I turn to face him, no longer trying to hide my suspicion. “That’s quite a coincidence.”
“Moscow is an old city. Fires happen.”
“Dmitri, do you expect me to believe that every piece of evidence about my past life has been mysteriously destroyed or made inaccessible?”
“I expect you to trust your husband to help you through recovery,” he says, slipping his hands into his pockets.
“And if I don’t? If I want to investigate my past independently?”
Something cold enters his eyes, and I get a glimpse of the man who makes waiters nervous and conducts threatening phone calls.
“Where would you go?” he asks. “What life would you return to? You have no family, no friends, and no job to go back to. I’m all you have left, kotyonok. The only person who cares whether you recover or disappear.”
The words are delivered gently, but they carry the unmistakable undercurrent of a threat. He’s right, of course. Without my memories, I have no identity outside of what he’s given me. No way to verify his story or seek help from anyone who might contradict his version of events.
“That’s convenient for you,” I observe.
“It’s reality. I’m sorry if you don’t like it, but that doesn’t make it less true.”
I study his face for cracks in his composure, but he gives nothing away. Either he’s telling the truth, or he’s a masterful liar.
“I’m tired,” I finally breathe out. “I think I’ll go to bed.”
“Good idea. Tomorrow, maybe we can visit a spa. Anything to help you feel more comfortable.”
He’s being kind again, the threatening edge replaced, but I no longer trust the rapid shifts in his demeanor.
I retreat to the bedroom and close the door behind me, wishing it had a lock. Something about our conversation has left me unsettled, like I’ve stumbled onto information I shouldn’t have.

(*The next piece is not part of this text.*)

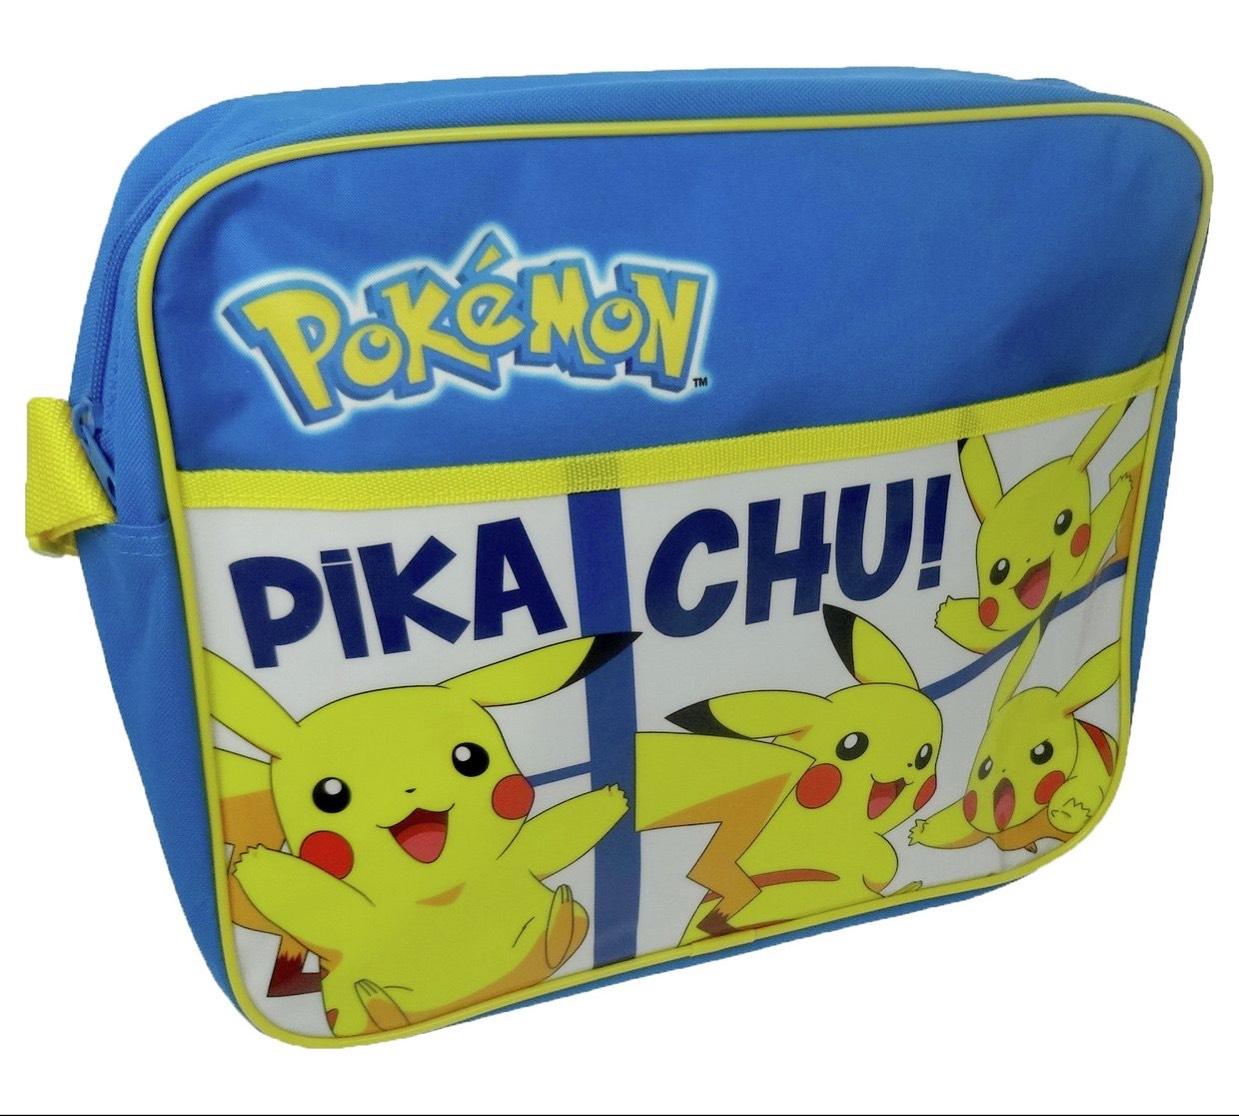 Pokemon Pikachu Messenger Bag Was £12.99 Now £5.99 Online @ Argos

A few hours later, I can’t sleep, and Dmitri has disappeared, so I decide to explore the penthouse some more. Maybe I’ll find something that contradicts his story or triggers a genuine memory instead of another violent flashback that makes no sense.
I start with the home office, but the desk is locked. I don’t want to risk noise if he’s still somewhere in the penthouse. The bookcases contain mostly business texts and classic literature, nothing personal or revealing.
The kitchen yields nothing more interesting than expensive ingredients and top-shelf alcohol.
But when I open the hall closet looking for blankets, something stops me cold.
Hidden behind winter coats, secured in a panel that looks like part of the wall, is a collection of weapons that would make a military unit jealous. Handguns, knives, and specialized surveillance equipment.
No art curator needs an arsenal.
More disturbing is that the sight of them doesn’t shock me the way it should. Instead, I find myself evaluating their quality and condition, automatically checking which ones are loaded and which need maintenance.
How do I know these things?
I close the panel carefully, making sure everything looks as I found it, but my hands are shaking as I back away from the closet.
Whatever Dmitri has told me about my past, and whatever identity he’s constructed for me doesn’t explain why the sight of enough weapons to outfit a small army feels familiar instead of terrifying.
Something is very wrong here.
I’m starting to think the problem isn’t my missing memory.
The problem is that I’m beginning to remember things I’m not supposed to know.